ADAM: A Systematic Data Extraction Attack on Agent Memory via Adaptive Querying

Large Language Model (LLM) agents have achieved rapid adoption and demonstrated remarkable capabilities across a wide range of applications. To improve reasoning and task execution, modern LLM agents would incorporate memory modules or retrieval-augmented generation (RAG) mechanisms, enabling them to further leverage prior interactions or external knowledge. However, such a design also introduces a group of critical privacy vulnerabilities: sensitive information stored in memory can be leaked through query-based attacks. Although feasible, existing attacks often achieve only limited performance, with low attack success rates (ASR). In this paper, we propose ADAM, a novel privacy attack that features data distribution estimation of a victim agent's memory and employs an entropy-guided query strategy for maximizing privacy leakage. Extensive experiments demonstrate that our attack substantially outperforms state-of-the-art ones, achieving up to 100% ASRs.

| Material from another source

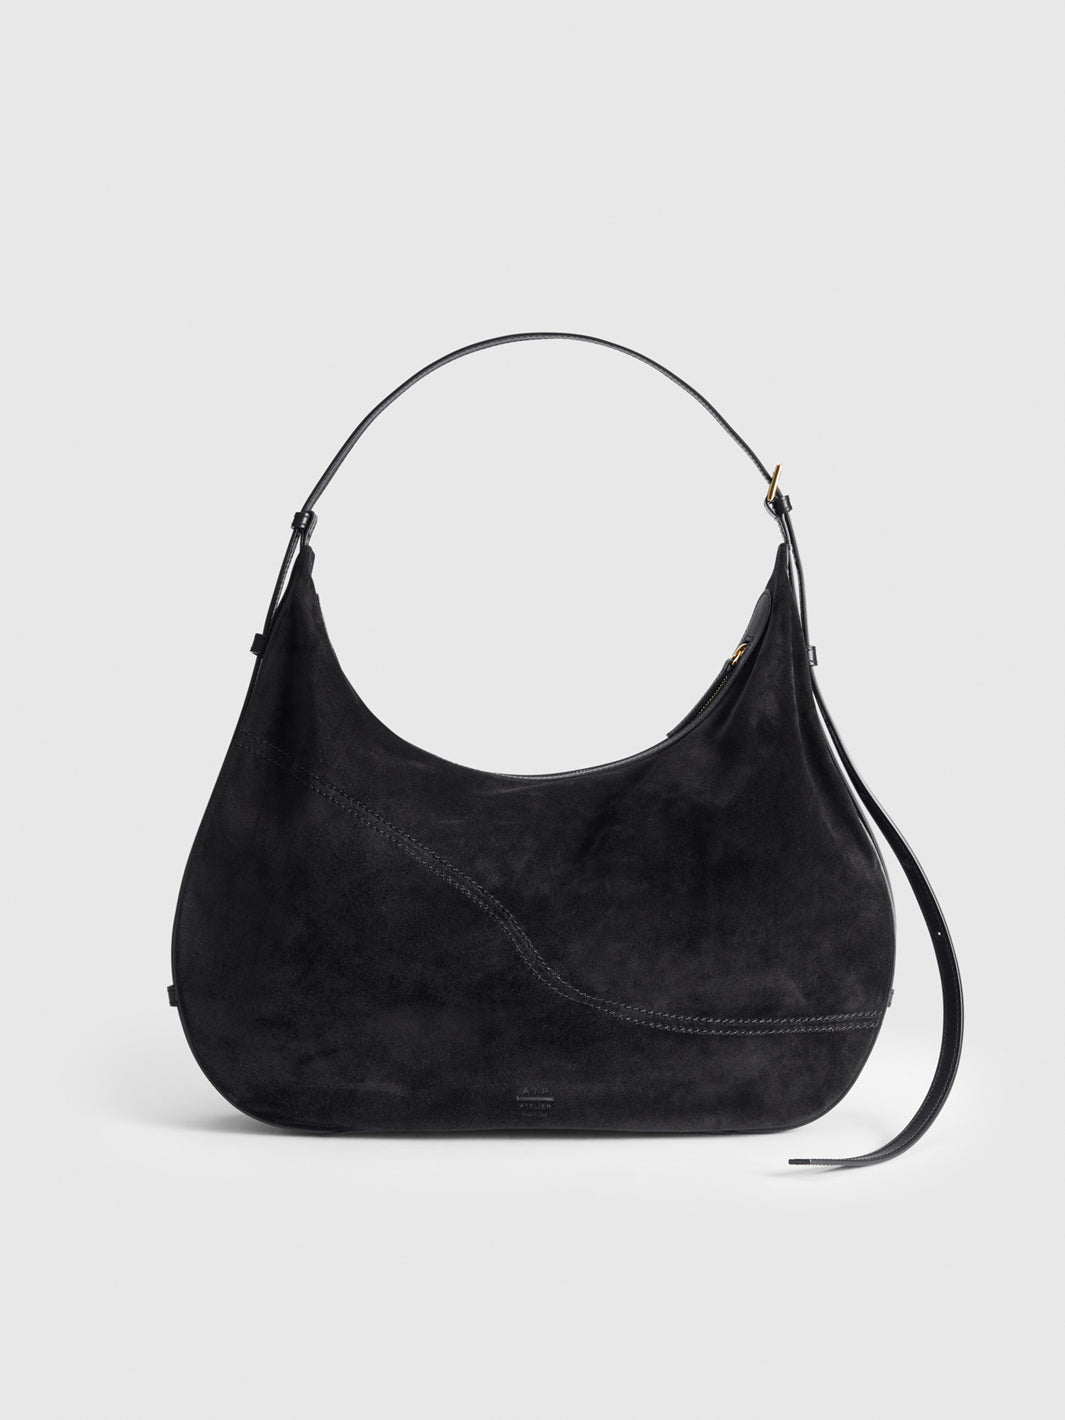 Potenza Black Suede/Leather Large hobo bag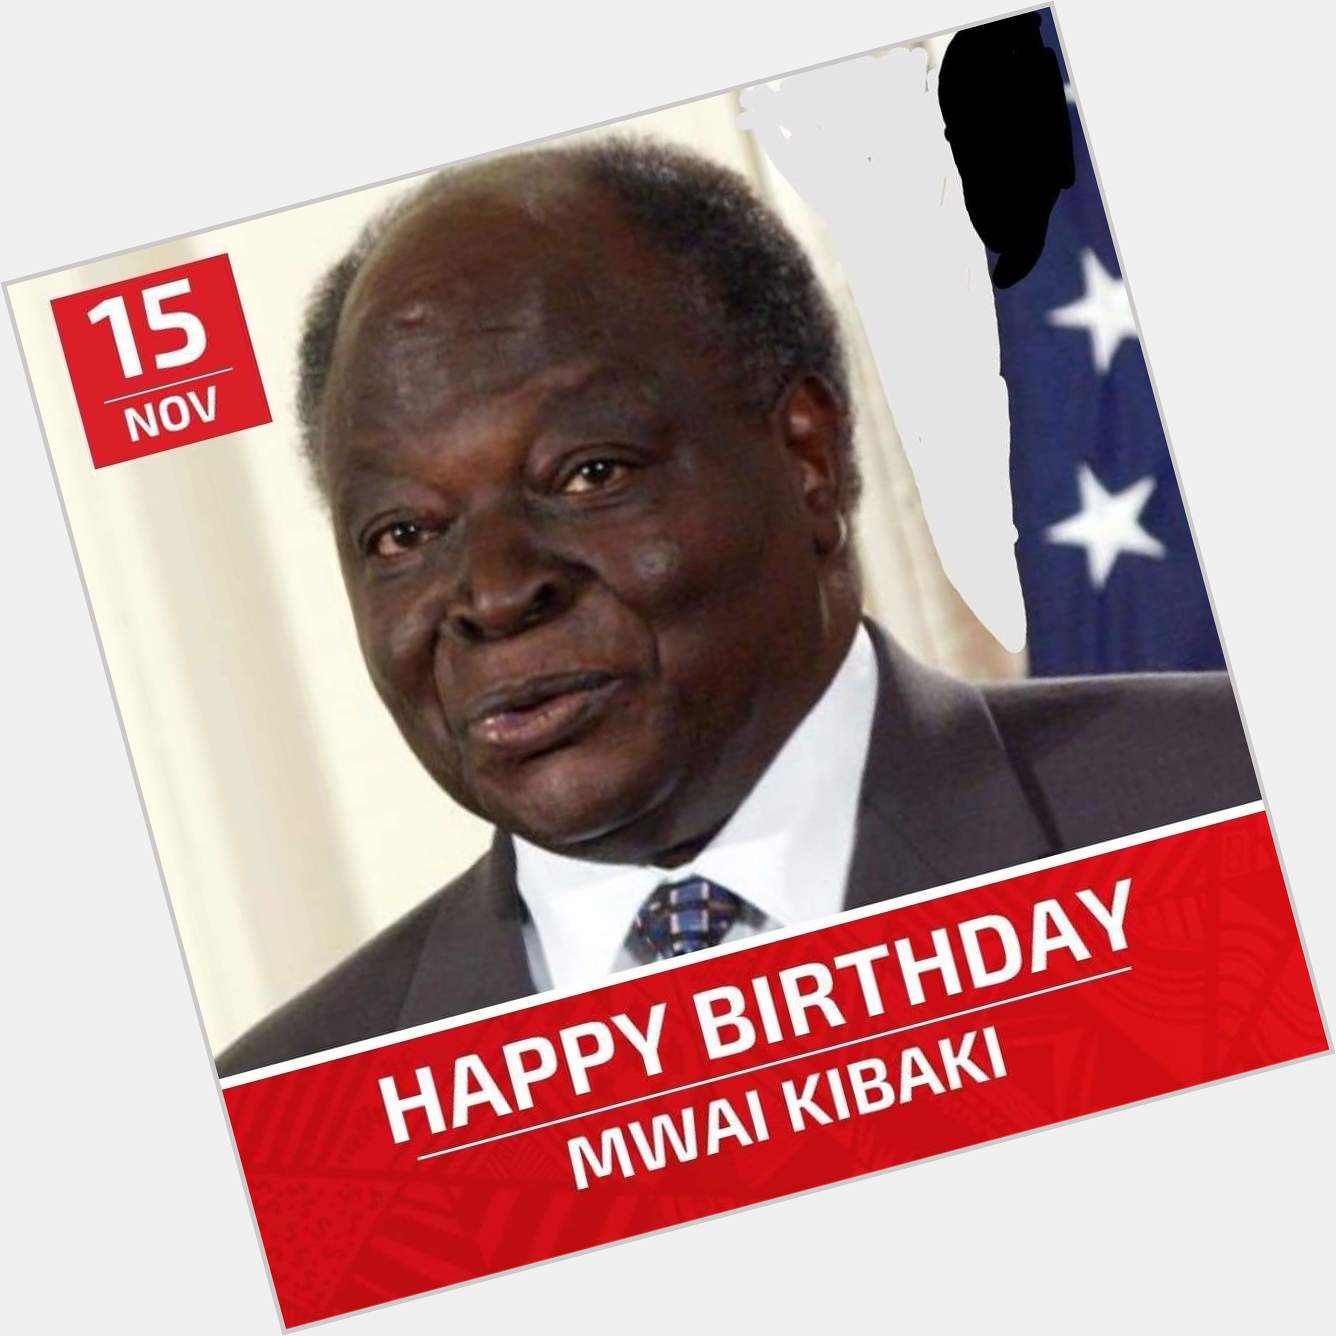 Happy Birthday President Mwai Kibaki. With current Kenya\s economic mess we really miss your leadership

These results thus underscore the urgent need for robust privacy-preserving methods for current LLM agents.

Key Contributions

Novel adaptive querying attack (ADAM) that estimates data distribution in agent memory and uses entropy-guided strategy
Achieves up to 100% attack success rate, substantially outperforming prior privacy attacks on LLM agents
Demonstrates critical privacy vulnerabilities in memory-augmented and RAG-based LLM agent architectures

🛡️ Threat Analysis

Model Inversion Attack

The attack extracts sensitive private information stored in agent memory/RAG systems by querying the agent — this is model inversion/data extraction from a deployed system. The adversary reconstructs training/stored data through strategic queries.